# drawer slides



## MAS520 (Jan 18, 2017)

Would like some feed back on good drawer slides for the shop. These would need to be fairly heavy duty. For drawers 32" long. 14" wide and 28"wide. thanks. ps. Has anyone else seen Woodworkers Supply new website? Just awful.


----------



## redlee (Apr 11, 2016)

http://www.leevalley.com/us/home/Search.aspx?action=n


----------



## Magnum (Feb 5, 2010)

*ROB LEE*, Owner of Lee Valley, Veritas is a member of LJ's and has been for 3210 Days.

I found another Link that SHOULD take you to the INDEX Page for Drawer Slides Mark. They show 38 Types. Just Click on the TYPE you want and You'll go there.

If It Works It's HERE: http://www.leevalley.com/us/home/Search.aspx?action=n

Good Luck Mark …lol…

Rick

PS: I just realized it's the same Link as Above from Richard. NO Offence intended Richard


----------



## Kelster58 (Dec 2, 2016)

I swear by PROMARK drawer slides…........

https://www.amazon.com/gp/product/B002IMDF4Q/ref=ohauisearch_detailpage?ie=UTF8&psc=1

I've used them on more than 40 drawers and have had no problems. They don't come with screws…...


----------



## MAS520 (Jan 18, 2017)

Thank you all. THE BEST PLACE ON THE WEB.


----------



## EricLew (Aug 29, 2014)

I use the CenterLine ones from Rockler, many sizes and options, they have worked fine for me.


----------



## WalkerR (Feb 8, 2017)

Drawer slides seem to have a wide range of price for similar products, or sometimes exactly the same product. A good way to search for stuff like hardware and replacement parts is to find what your looking for via the manufacturers website, find the product number or upc, then google that. You might get a wide range of results/prices for the same product.

Here's another link for you. 
https://www.accuride.com/drawer-slides/


----------



## GR8HUNTER (Jun 13, 2016)

first off what style are you looking for i say Blum for undermount and accuride for sidemount :<))


----------



## skatefriday (May 5, 2014)

KV slides are nice, but ease of install I'd go Blum. I have KV in my kitchen and used Blum undermount on a trash drawer toward the end of the project and ended up kicking myself for not using Blum for everything.


----------



## Magnum (Feb 5, 2010)

Now Both of Our Above Links are going to a "Search Page" on Lee Valley!"

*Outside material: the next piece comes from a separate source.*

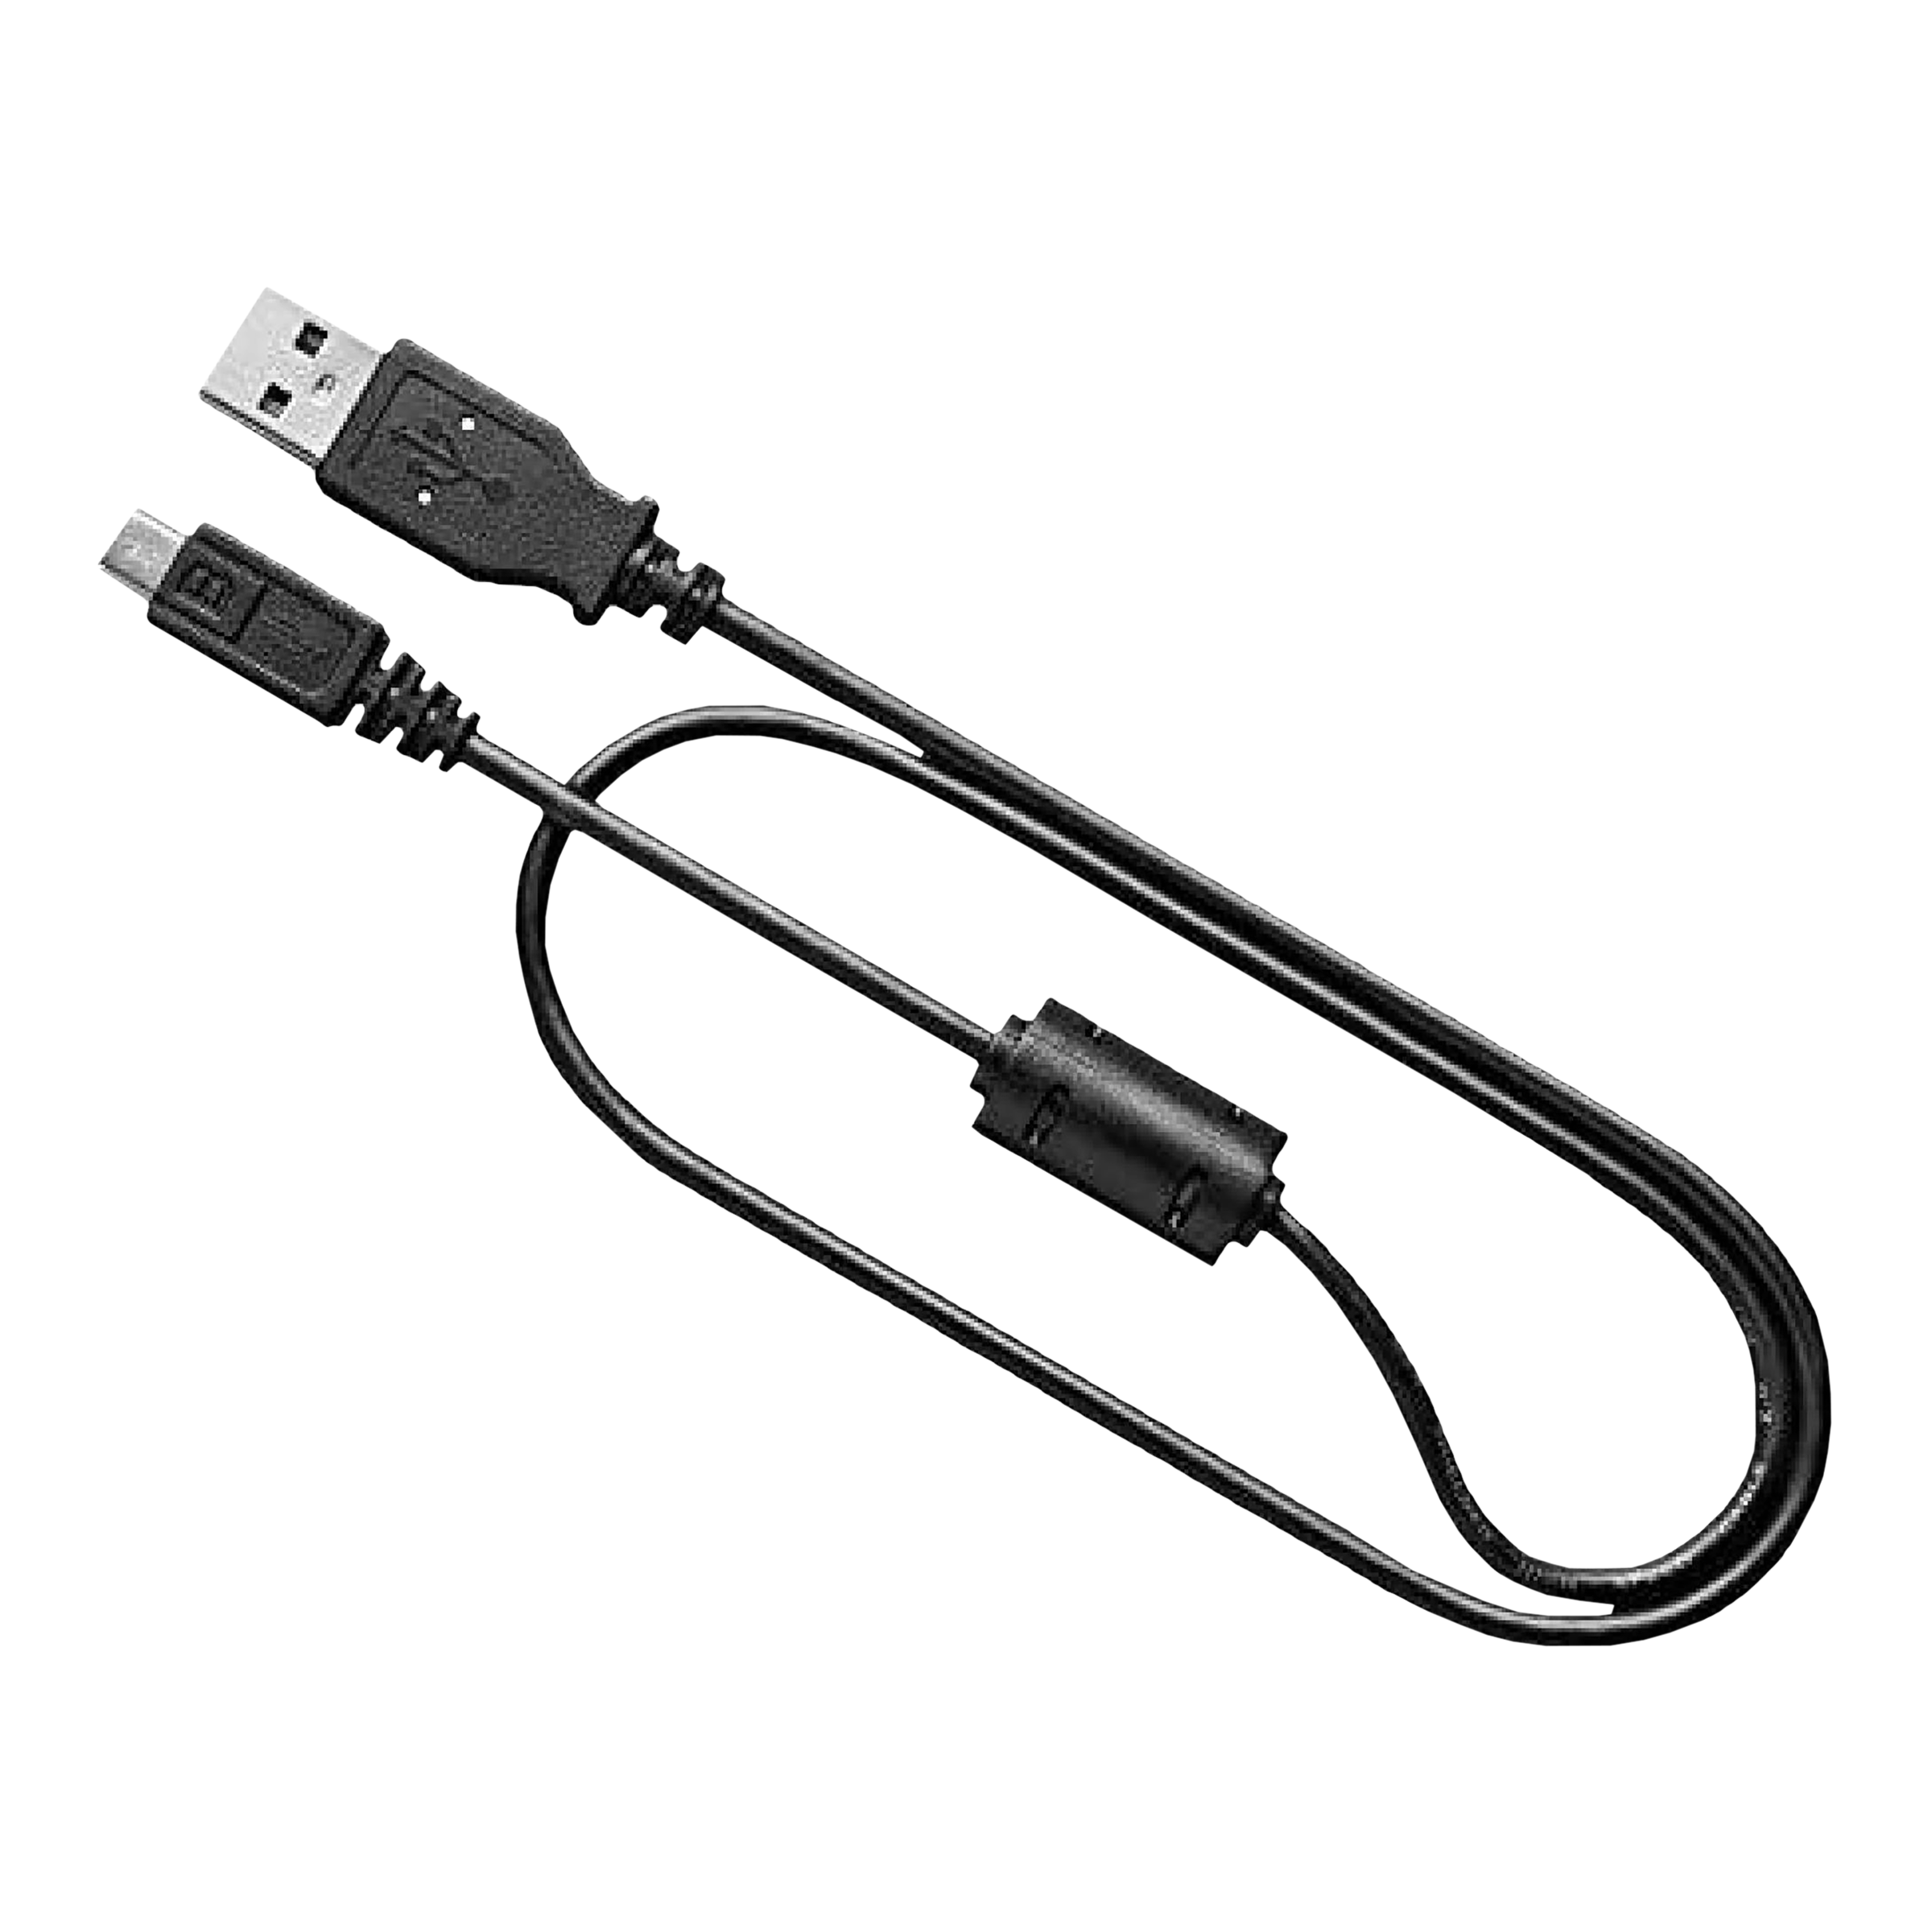 HMI USB cable (USB mini 5 pin cable) - COMFILE Technology

So I did the Search and got a "Page Description" of the types of Drawer Slides. Click on the one you want and we'll see what happens …lol…

LINK: http://www.leevalley.com/us/home/Search.aspx?action=d&display=p&pb=1&ap=

*Stand back from Your Screen! It might Blow Up when you go there! ;-}*

Rick

*HOT DAMN! I T WORKED!!!* (For Today anyway.)

*EDIT: Not even Today! Back to the Search Page on Lee Valley! For ALL THREE of the Links! Try plugging in "Drawer Slides" in the Search Field. SCREAMMMMMMMMMMMMMMMMMM!!!*


----------